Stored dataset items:
BEGIN

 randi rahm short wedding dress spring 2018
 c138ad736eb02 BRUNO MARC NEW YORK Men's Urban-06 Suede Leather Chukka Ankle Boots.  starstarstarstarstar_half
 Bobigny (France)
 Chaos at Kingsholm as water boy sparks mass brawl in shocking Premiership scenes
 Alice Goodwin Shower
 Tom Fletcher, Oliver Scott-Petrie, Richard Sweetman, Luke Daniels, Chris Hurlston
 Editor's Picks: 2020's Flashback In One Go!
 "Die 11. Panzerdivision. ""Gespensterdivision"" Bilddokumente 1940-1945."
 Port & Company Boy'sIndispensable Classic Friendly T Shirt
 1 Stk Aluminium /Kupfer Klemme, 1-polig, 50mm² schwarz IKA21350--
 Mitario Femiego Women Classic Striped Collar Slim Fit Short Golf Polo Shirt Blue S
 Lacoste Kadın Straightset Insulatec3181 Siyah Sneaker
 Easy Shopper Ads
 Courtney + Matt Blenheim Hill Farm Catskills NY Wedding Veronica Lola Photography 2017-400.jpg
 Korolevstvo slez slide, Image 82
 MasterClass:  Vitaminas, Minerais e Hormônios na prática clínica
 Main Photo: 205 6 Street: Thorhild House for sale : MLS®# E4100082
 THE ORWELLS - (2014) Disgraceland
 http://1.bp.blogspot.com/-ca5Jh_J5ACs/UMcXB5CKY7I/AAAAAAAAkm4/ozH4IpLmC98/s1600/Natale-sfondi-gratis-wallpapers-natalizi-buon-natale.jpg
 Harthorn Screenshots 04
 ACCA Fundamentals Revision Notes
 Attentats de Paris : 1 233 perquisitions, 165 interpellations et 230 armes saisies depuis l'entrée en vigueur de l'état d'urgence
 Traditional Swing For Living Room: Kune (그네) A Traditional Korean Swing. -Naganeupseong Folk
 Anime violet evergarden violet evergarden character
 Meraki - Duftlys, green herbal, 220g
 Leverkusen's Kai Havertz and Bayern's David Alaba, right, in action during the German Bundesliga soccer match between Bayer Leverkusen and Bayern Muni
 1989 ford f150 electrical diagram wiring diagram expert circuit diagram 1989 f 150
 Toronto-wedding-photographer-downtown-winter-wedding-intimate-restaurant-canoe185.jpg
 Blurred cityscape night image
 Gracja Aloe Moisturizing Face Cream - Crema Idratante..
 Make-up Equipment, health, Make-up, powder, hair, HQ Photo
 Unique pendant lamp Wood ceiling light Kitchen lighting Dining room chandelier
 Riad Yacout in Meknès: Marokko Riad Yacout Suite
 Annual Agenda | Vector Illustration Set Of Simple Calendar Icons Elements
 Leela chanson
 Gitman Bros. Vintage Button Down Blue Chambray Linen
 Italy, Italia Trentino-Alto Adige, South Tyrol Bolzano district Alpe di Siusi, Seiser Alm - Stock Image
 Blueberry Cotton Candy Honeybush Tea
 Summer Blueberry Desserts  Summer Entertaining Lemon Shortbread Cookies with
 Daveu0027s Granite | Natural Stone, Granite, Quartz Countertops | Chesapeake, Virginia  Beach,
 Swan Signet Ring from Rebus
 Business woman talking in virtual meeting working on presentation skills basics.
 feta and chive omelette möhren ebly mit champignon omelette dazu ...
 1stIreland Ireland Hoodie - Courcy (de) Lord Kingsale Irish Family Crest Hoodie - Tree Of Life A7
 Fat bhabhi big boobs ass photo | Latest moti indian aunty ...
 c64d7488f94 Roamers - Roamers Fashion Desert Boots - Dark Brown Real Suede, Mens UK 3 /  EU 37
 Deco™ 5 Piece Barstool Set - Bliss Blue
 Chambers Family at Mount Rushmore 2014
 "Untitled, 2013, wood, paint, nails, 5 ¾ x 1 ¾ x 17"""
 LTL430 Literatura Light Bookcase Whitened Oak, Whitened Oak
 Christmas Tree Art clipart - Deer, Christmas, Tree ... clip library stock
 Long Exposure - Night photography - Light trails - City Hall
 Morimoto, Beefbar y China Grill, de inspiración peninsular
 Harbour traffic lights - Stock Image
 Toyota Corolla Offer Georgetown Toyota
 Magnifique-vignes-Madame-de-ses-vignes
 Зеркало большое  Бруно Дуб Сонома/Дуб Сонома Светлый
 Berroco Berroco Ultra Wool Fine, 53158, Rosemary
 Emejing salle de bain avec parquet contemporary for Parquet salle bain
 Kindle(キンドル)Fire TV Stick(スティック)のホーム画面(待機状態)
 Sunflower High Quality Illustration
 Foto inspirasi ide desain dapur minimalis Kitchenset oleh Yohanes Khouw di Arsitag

END

Exercise instructions: From the entries above, extract only the lines running from the one containing "1989 ford f150" through the one containing "Swan Signet Ring from Rebus", inclusive.

Exercise response:
 1989 ford f150 electrical diagram wiring diagram expert circuit diagram 1989 f 150
 Toronto-wedding-photographer-downtown-winter-wedding-intimate-restaurant-canoe185.jpg
 Blurred cityscape night image
 Gracja Aloe Moisturizing Face Cream - Crema Idratante..
 Make-up Equipment, health, Make-up, powder, hair, HQ Photo
 Unique pendant lamp Wood ceiling light Kitchen lighting Dining room chandelier
 Riad Yacout in Meknès: Marokko Riad Yacout Suite
 Annual Agenda | Vector Illustration Set Of Simple Calendar Icons Elements
 Leela chanson
 Gitman Bros. Vintage Button Down Blue Chambray Linen
 Italy, Italia Trentino-Alto Adige, South Tyrol Bolzano district Alpe di Siusi, Seiser Alm - Stock Image
 Blueberry Cotton Candy Honeybush Tea
 Summer Blueberry Desserts  Summer Entertaining Lemon Shortbread Cookies with
 Daveu0027s Granite | Natural Stone, Granite, Quartz Countertops | Chesapeake, Virginia  Beach,
 Swan Signet Ring from Rebus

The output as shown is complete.